Ok – Amy’s been making me watch too much Jeopardy these days (although I’ve had a blissful week off from it since I banned TV from this trip.) Fortunately, I can read while it’s in the background (plus Ken just wins all the time – what’s the fun of that.)
So – I picked up Getting Everything You Can Out of All You’ve Got with my typically cynical point of view toward marketing. As I wrote in my post Your Marketing Sucks (the title of my favorite marketing book to date), I expected very little from this book even though it was recommended in a comment to the forementioned post by Troy Angrignon (who I don’t know, but did appreciate the comment.) Troy highly recommended this book so it went into the “read some day pile.”

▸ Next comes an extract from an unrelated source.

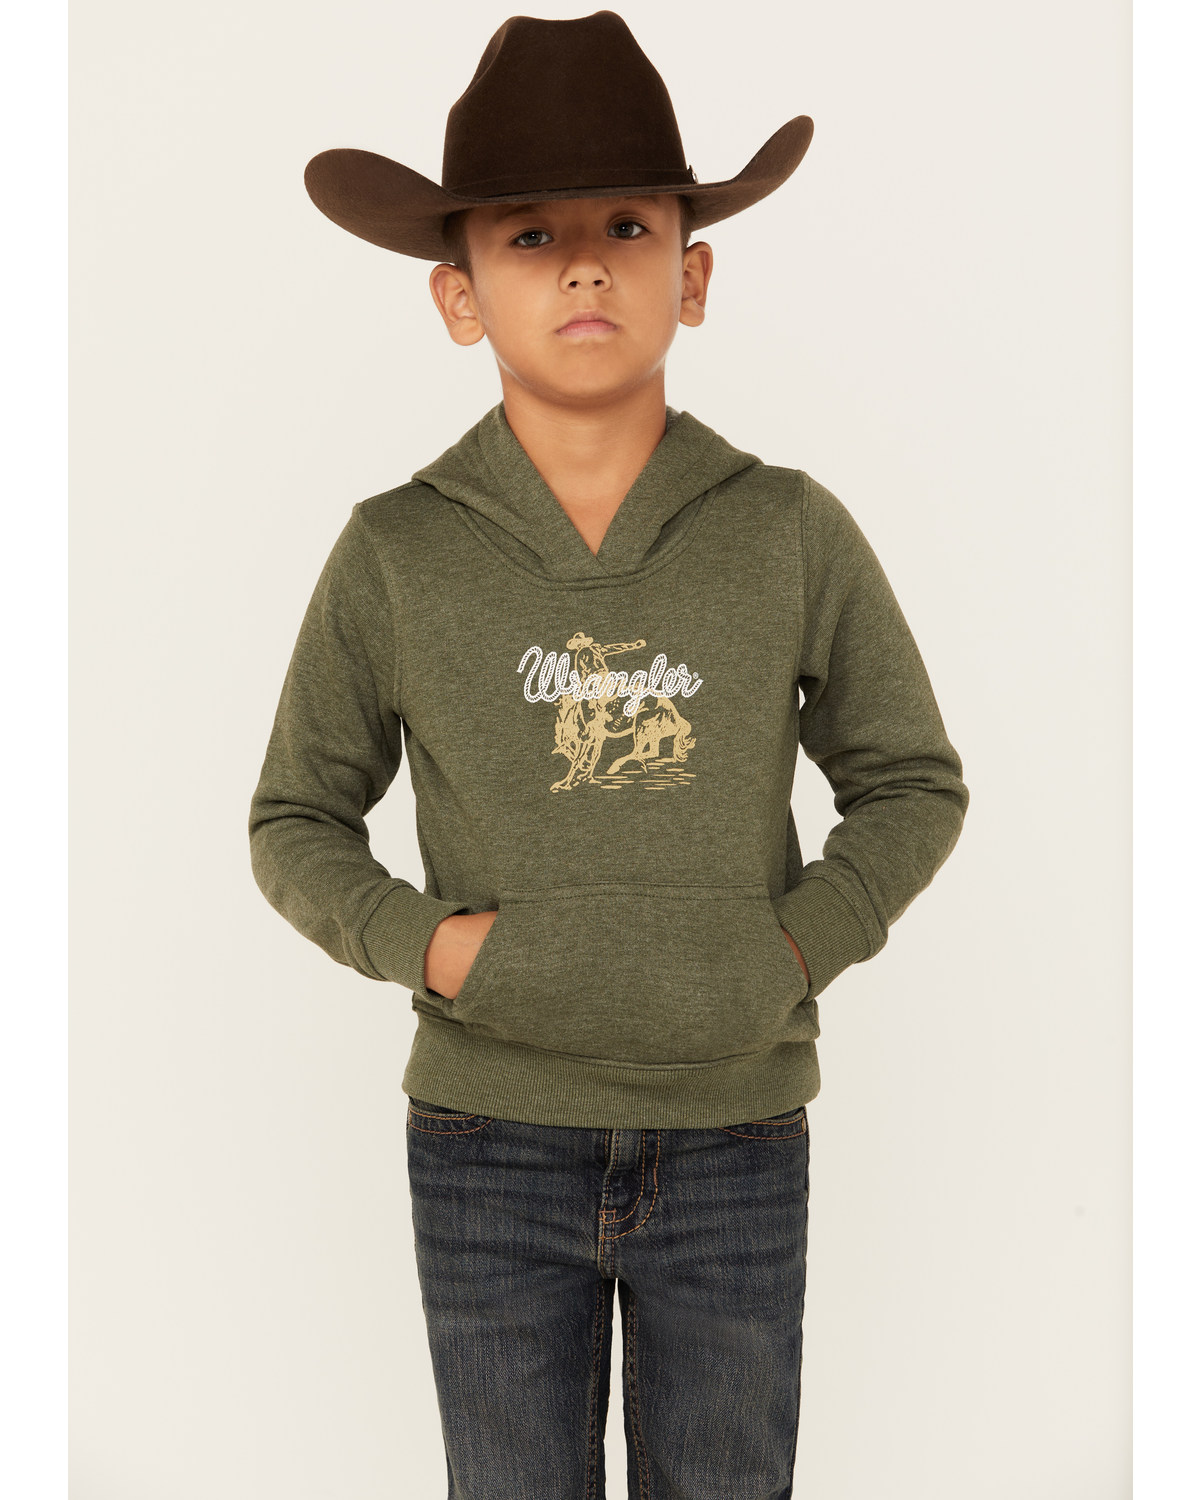 Wrangler Boys' Rodeo Graphic Hooded Sweatshirt
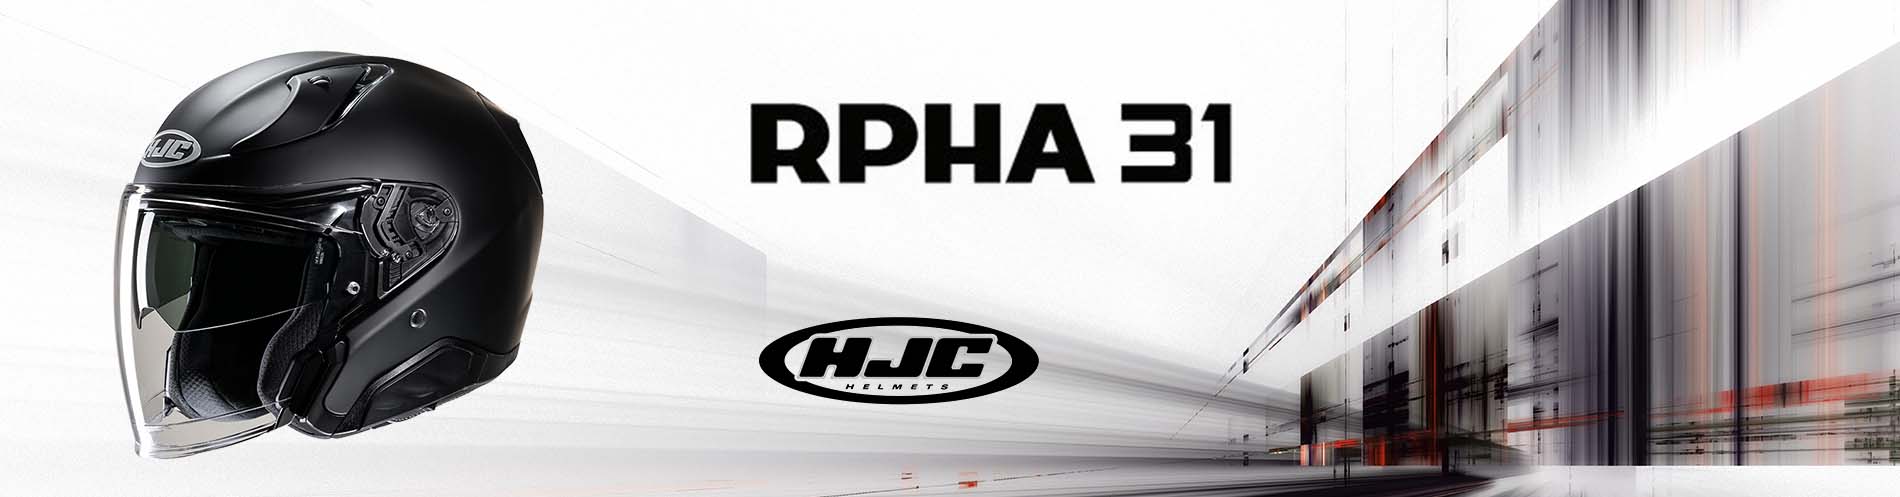 HJC RPHA 31

Some day came. For a marketing book, it was a notch above sucking. The pretty little “bonus star” on the cover says “21 Ways You Can Out-Think, Out-Perform, and Out-Earn the Competition” – never, in my mind – a particularly good sign. However, while the book was pretty simplistic, I found myself getting into it after about 100 pages. Jay Abraham (the author and self proclaimed “master motivator”) loads it up with examples – many of them commonplace ones that ironically made me think “oh – that makes sense – duh – why aren’t we doing that at company X.”
The chapters on Internet and email marketing were pretty lame, especially in contrast to the final publisher proof of Sign Me Up! by Matt Blumberg and the Return Path folks that I read earlier this week. But the rest of the book had plenty of straightforward but useful ways to out-think, out-perform, and out-earn the competition.
Ok – I’m done with business books for a while – time to go for one last run on the beach this trip and then disappear into The Runes of the Earth – Stephen Donaldson’s first book in The Last Chronicles of Thomas Covenant.